В ответ он улыбнулся и поцеловал ее:
– В первый раз, что ли, бросать его ради того, кто мне дорог? Дорожка-то пройденная.
– Мягко говоря, неосмотрительно так говорить, – погрозила ему пальцем Марта. – А тем более тому, у кого, как правило, слова с делом не расходятся.
– Умница ты моя! – расхохотался Фредерик. – Пойдешь со мной на ужин?
– Чтоб лишний раз заставлять княжну рвать свой пояс?
– Это была простая досада. Теперь, когда она в курсе…
– Не обманывайся. Это не простая досада.
На лице Фредерика вновь появилось то опасливое выражение, что возникло во время беседы с Уной у озера, а уши его забавно порозовели. Марта засмеялась:
– Ты удивлен? Ошеломлен? Сбит с толку? Удивительно. Ты всегда нравился женщинам. Неужели это для тебя открытие?
Король Южного Королевства покраснел уже целиком – от макушки до шеи – и неуверенно потер щеку:
– Может, не стоило бриться?
Тут Марта звонко расхохоталась.
– Вот уж видеть Судью Фреда, Короля Фреда смущенным мне еще не доводилось… Не все про тебя я, оказывается, знаю. – Потом положила руки ему на плечи, встала на цыпочки, чтоб достать губами его губы, поцеловала, шепнула ласково: – Поверь: даже небритый ты не спасешься. По крайней мере, от меня…
– Успокоила, называется. – Фредерик, улыбаясь, притянул Марту ближе. – И все-таки, на ужин ты пойдешь. Куча знати будет за столом. Все в курсе, кто ты для меня, и как же я явлюсь один?
– Как прикажете, государь. – Марта ступила на шаг назад и вежливо, церемонно поклонилась.

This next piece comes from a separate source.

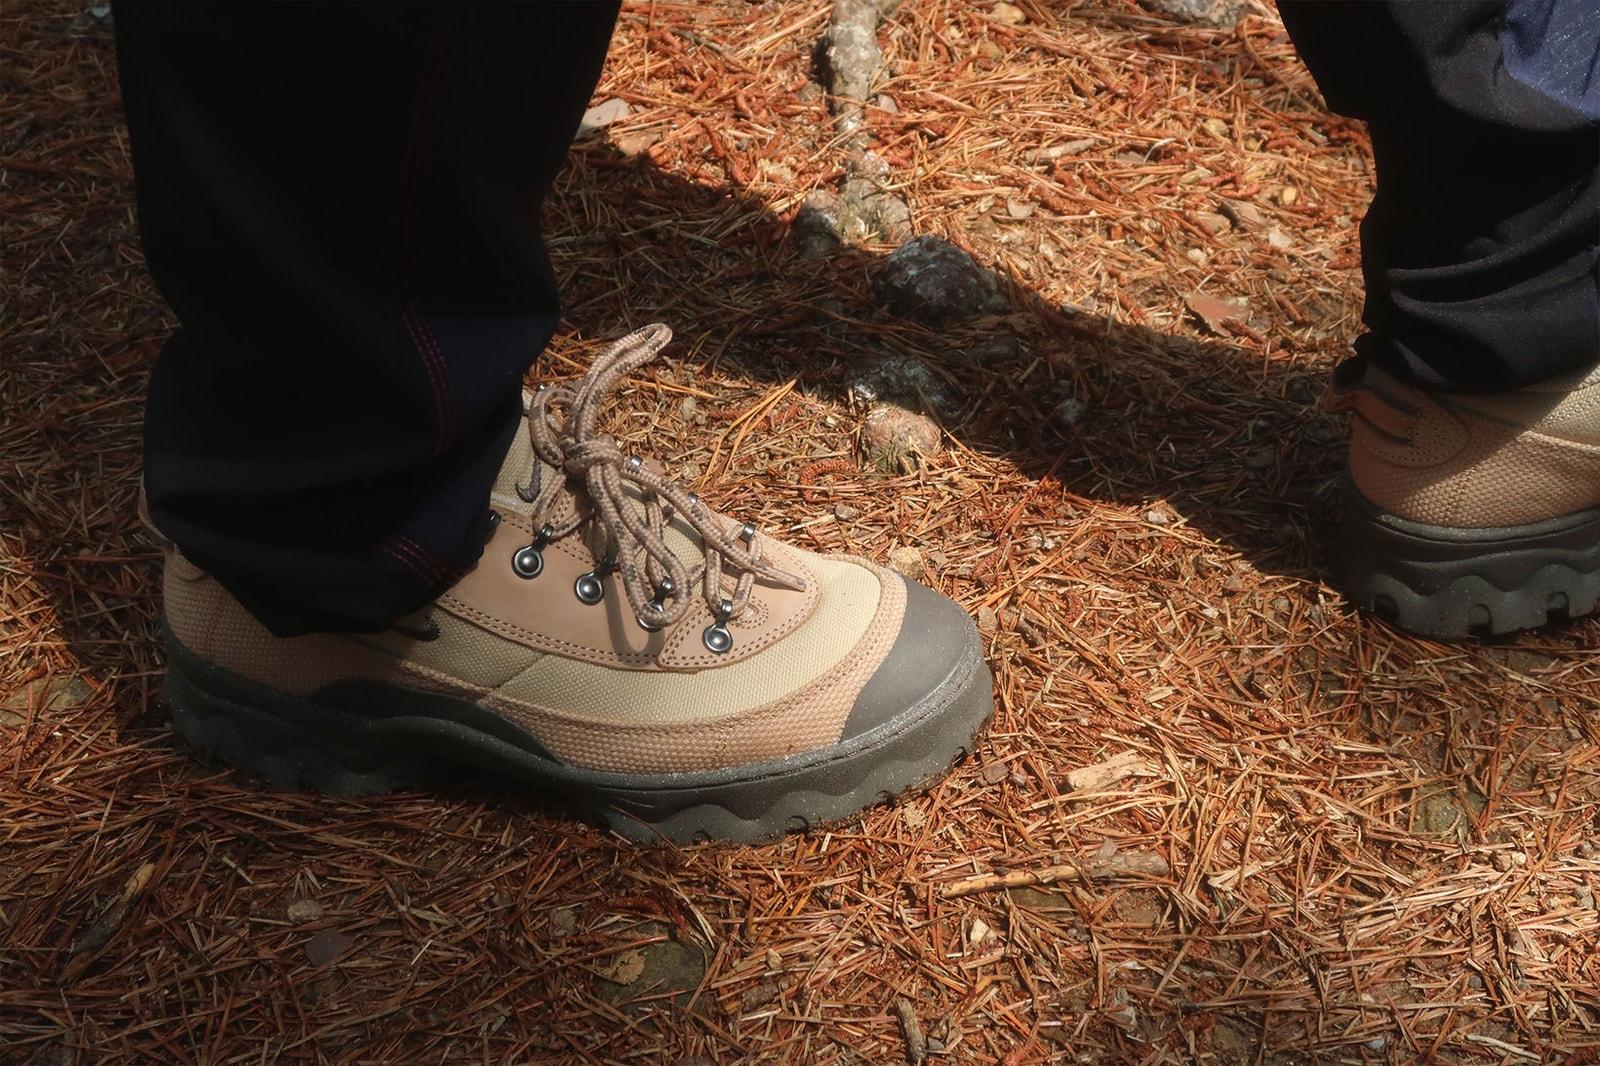 nike lahar low womens hiking shoes grain beige sneakers review

– Никогда мне так не говори. – Фредерик слегка нахмурился. – Ты мне не слуга и не наложница.
– Тогда позволь мне остаться с Гаретом, – хитро блеснув глазами, ответила Марта.

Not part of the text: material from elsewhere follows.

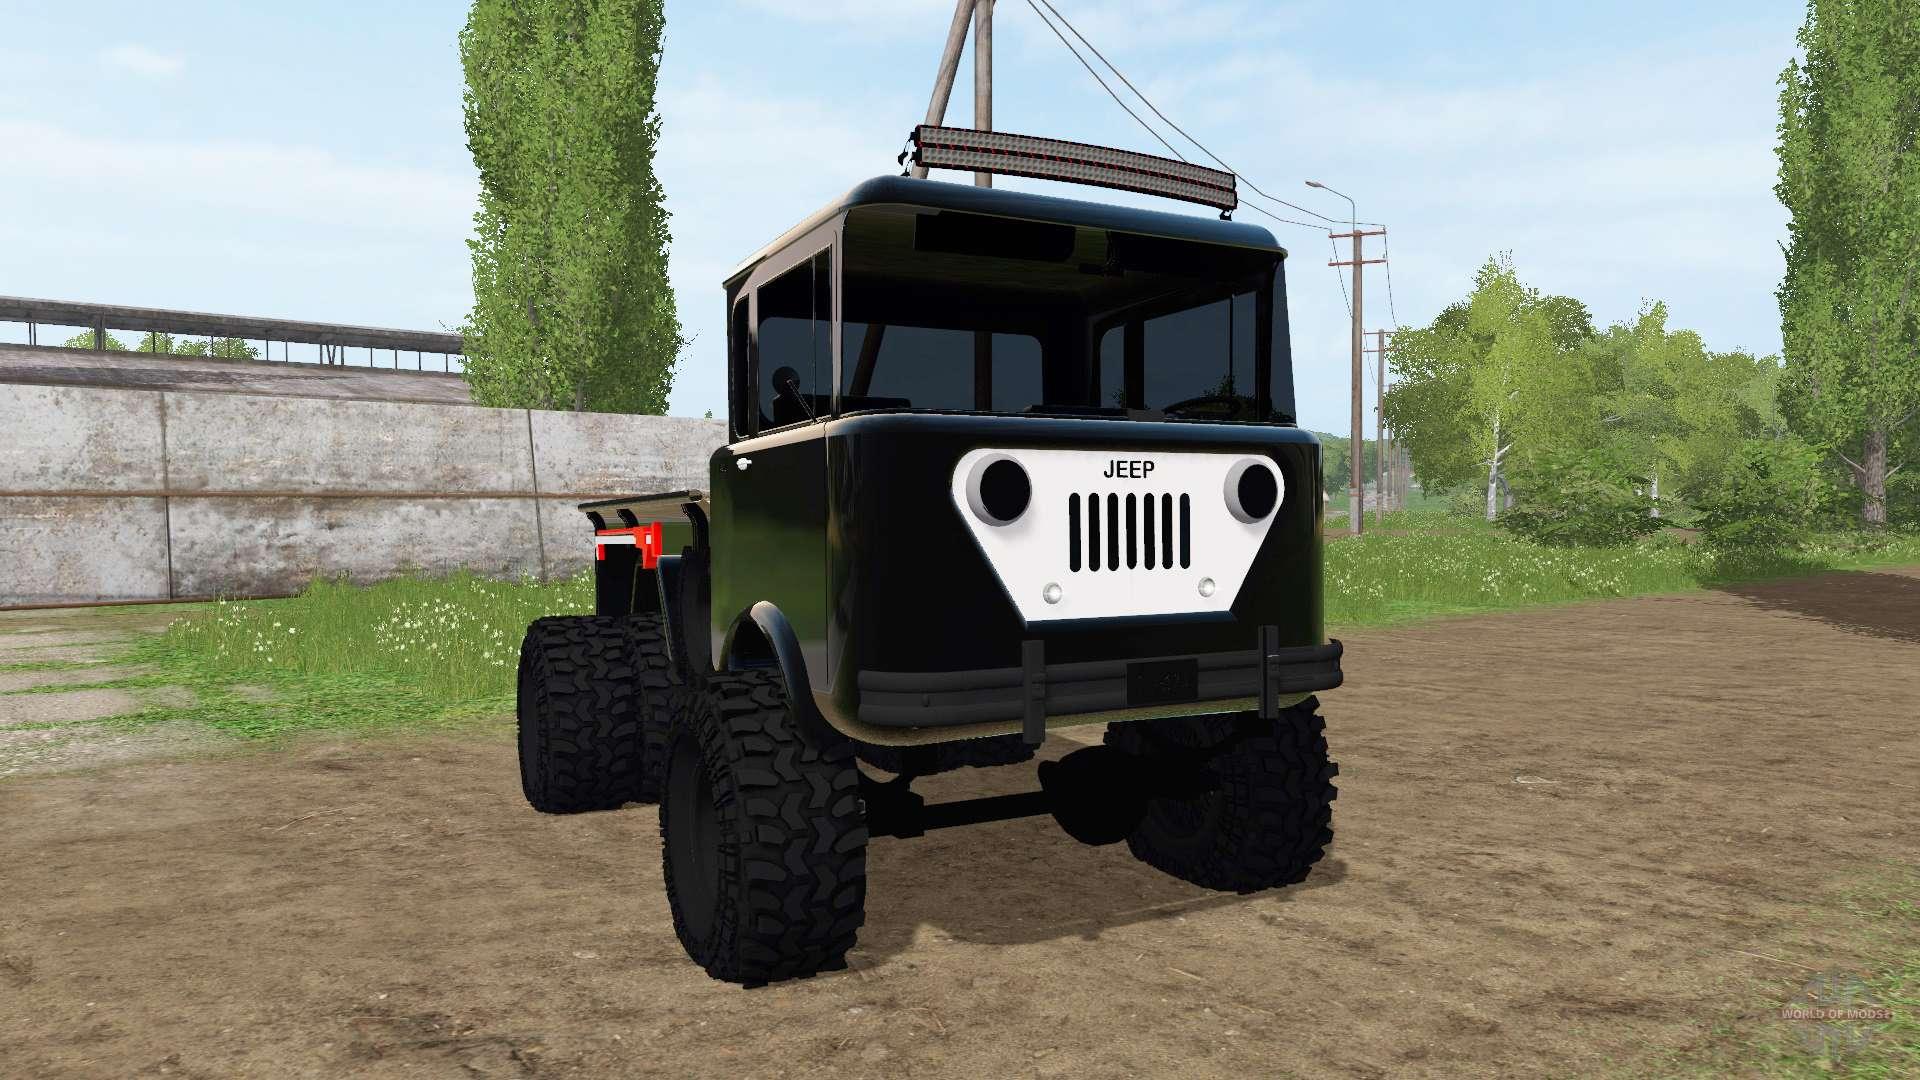 DAISY S JEEP V - Farming simulator modification

Фредерик широко улыбнулся:
– На это я согласен…
Тут же, безо всяких обиняков, он прошел вместе с девушкой в комнату сына, что сообщалась с его покоями.
Королевич сидел на полу, на мягком ковре из светлых овечьих шкур, и строил что-то башнеподобное из деревянных кубиков. Рядом в особом кресле, снабженном колесами, стучала спицами дама Ванда – всем известная королевская няня, ходившая еще за Фредериком. Она вязала что-то мелкое из синих и белых ниток, то и дело посматривая на малыша. Имея уже лет семьдесят от роду, Ванда совершенно поседела, сгорбилась и осунулась, она совсем мало ходила, но присматривать за королевичем считала своей непреходящей обязанностью. «Глаза мои, слава богу, еще в порядке», – говаривала она.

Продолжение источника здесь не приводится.